The organization has had numerous HRO success stories.  High reliability principles were applied to a successful second data center power upgrade after the initial effort went horribly wrong, creating a four-day, system-wide outage that endangered patient safety, disrupted business operations and seriously damaged equipment.  High reliability principles and concepts were followed in the build of a new Data Center, eliminating embedded design flaws present in previous efforts.  HRO principles and concepts were also instrumental in formulating a new Disaster Recovery Plan and acquiring the requisite system capabilities.  Systems availability increased from 93% to a sustained 99.9%; which in turn allowed the elctronic medical records system to be fully implemented and begin generating its anticipated ROI.

The HRO work continued.  Senior management followed through on their goal of having all IT employees participate in either the half-day Introduction session or the full-day Immersion session.  The capability to deliver these sessions internally was fully realized in 2007, and all HRO sessions have been delivered by internal resources since then.  With this level of emphasis, the IT organization found themselves rapidly moving up the HRO Maturity Model scale - from Level One (Surviving multiple failures) to Level Two (Building containment processes and avoiding a catastrophic event), and on their way to reaching Level Three (Organizational Stabilization).

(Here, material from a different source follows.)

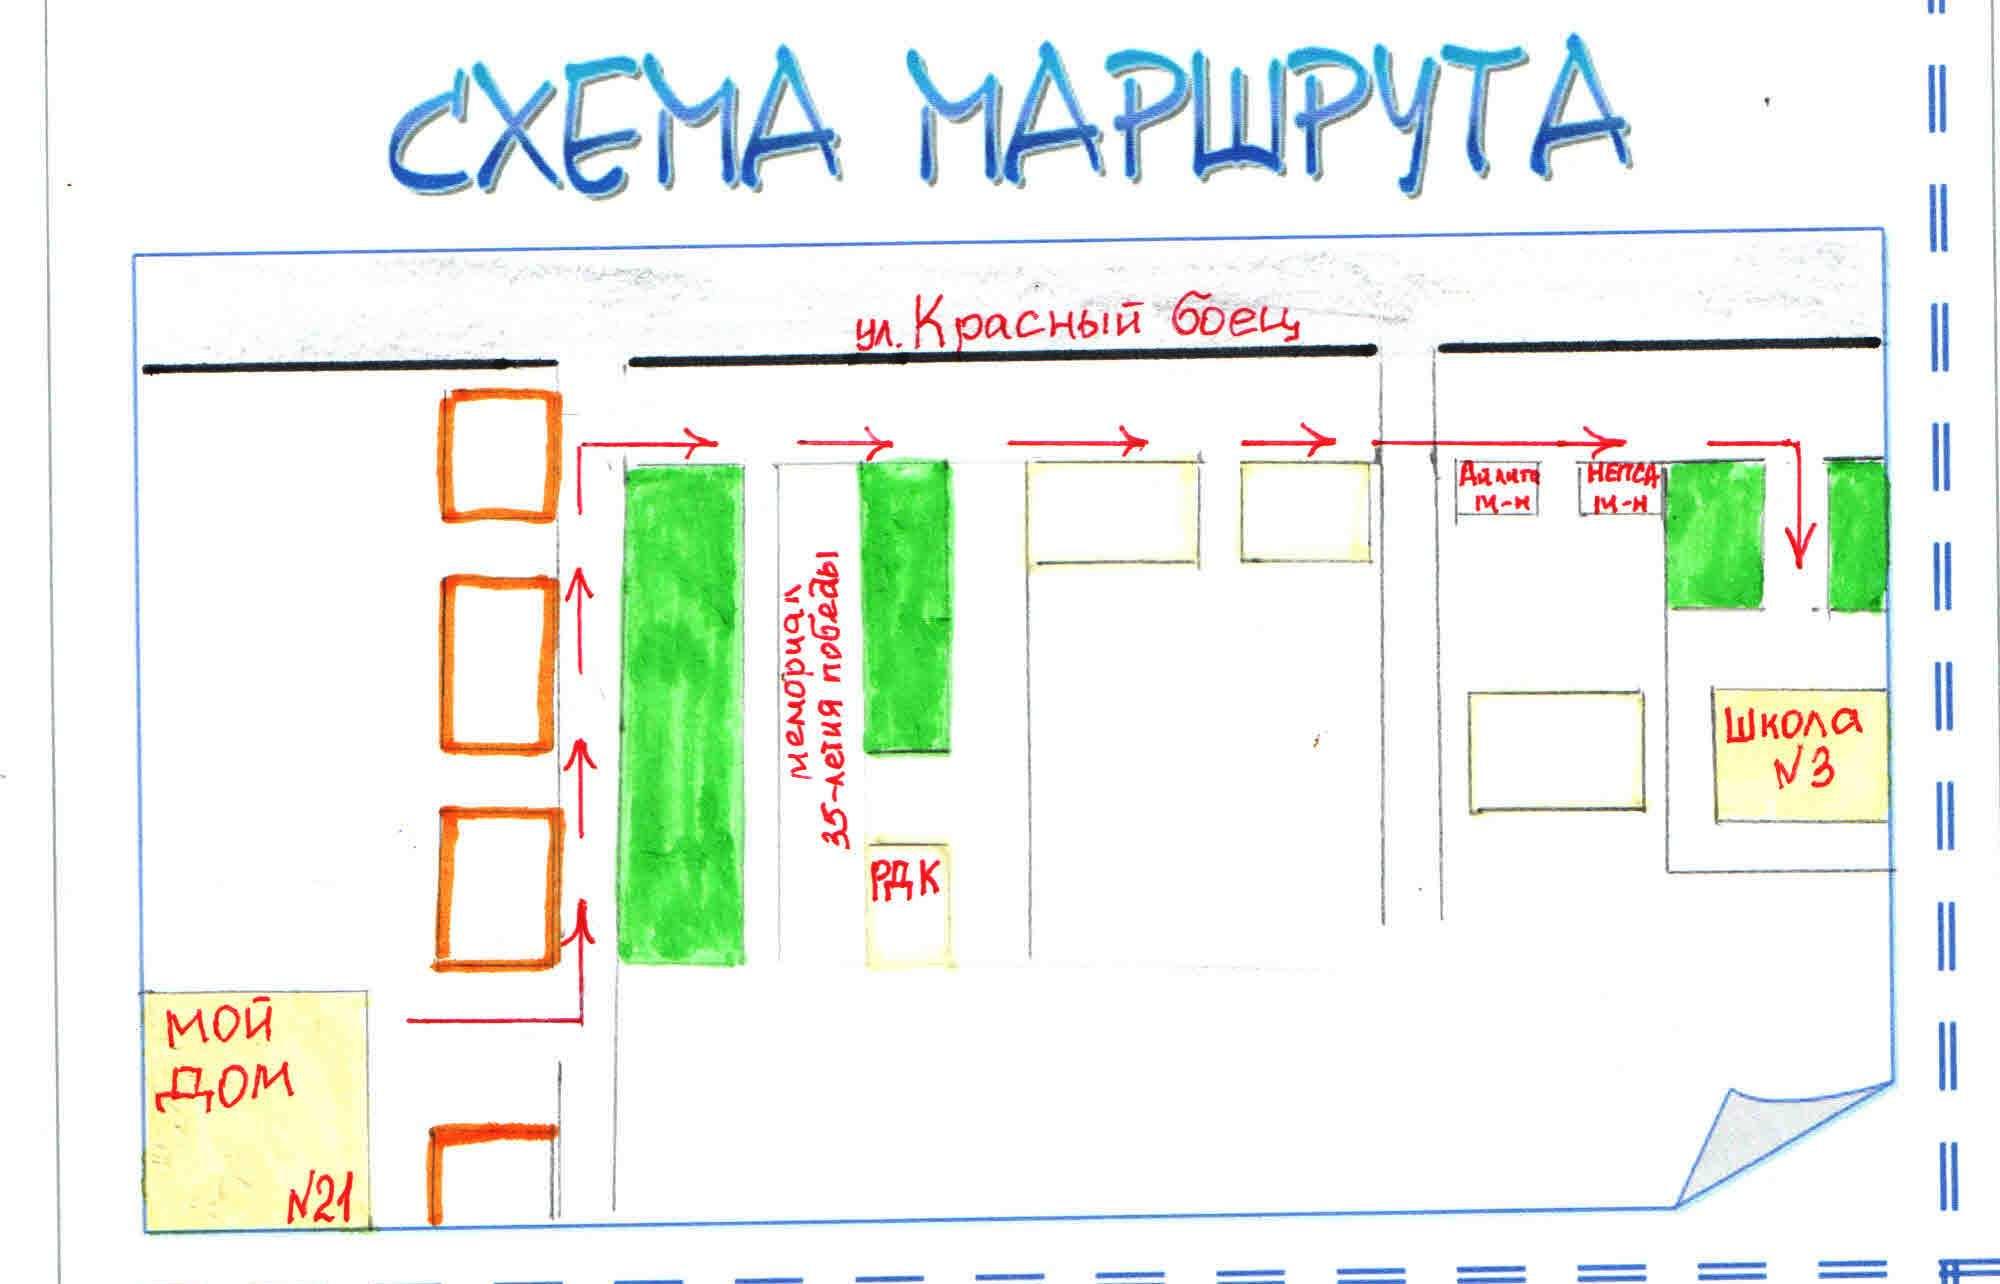 Безопасный маршрут от дома до школы схема для портфолио карта
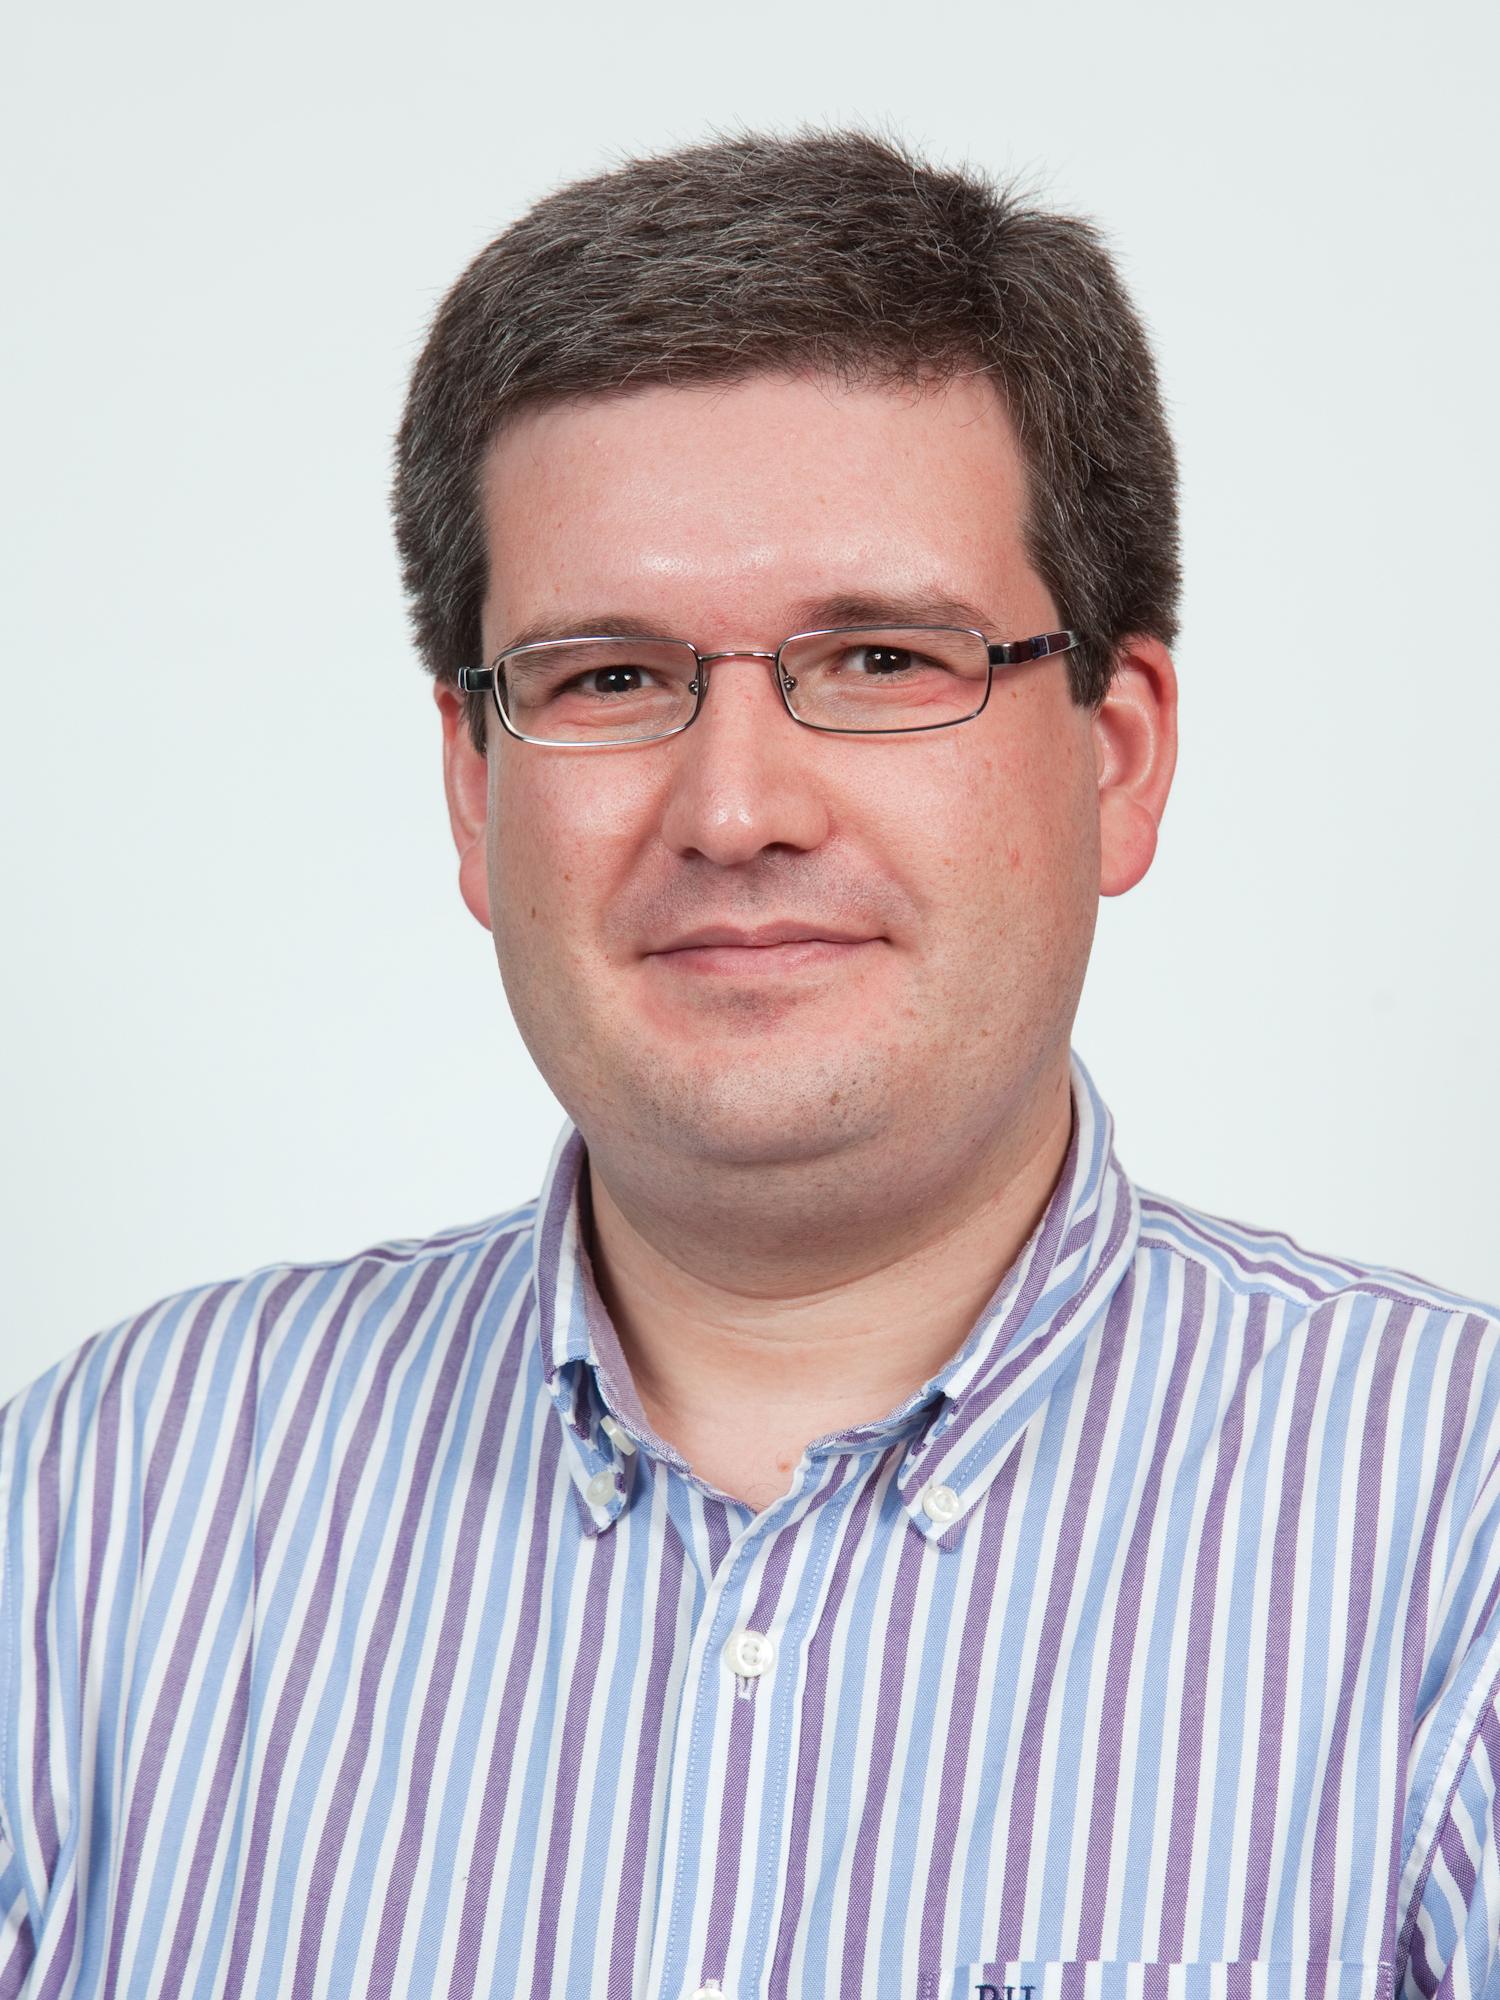 Javier Calmuntia

What is the cost of losing a data center that thousands of employees and doctors depend on 24 hours a day to do their jobs, and millions of members stake their lives on?  Developing an HRO culture does not guarantee that a catastrophic event such as this will never occur.  However, when every employee takes personal responsibility for their own actions and is constantly vigilant for the miscues of others, the odds of failure decrease significantly.  When something does go wrong, employees are prepared to act, not react.  They move quickly and efficiently to correct what's gone wrong, as opposed to making things worse.  When everyone in the organization thinks and acts on the premise that the system is endangered until there is conclusive proof that it is not, it is then that the risk of a catastrophic event is significantly reduced.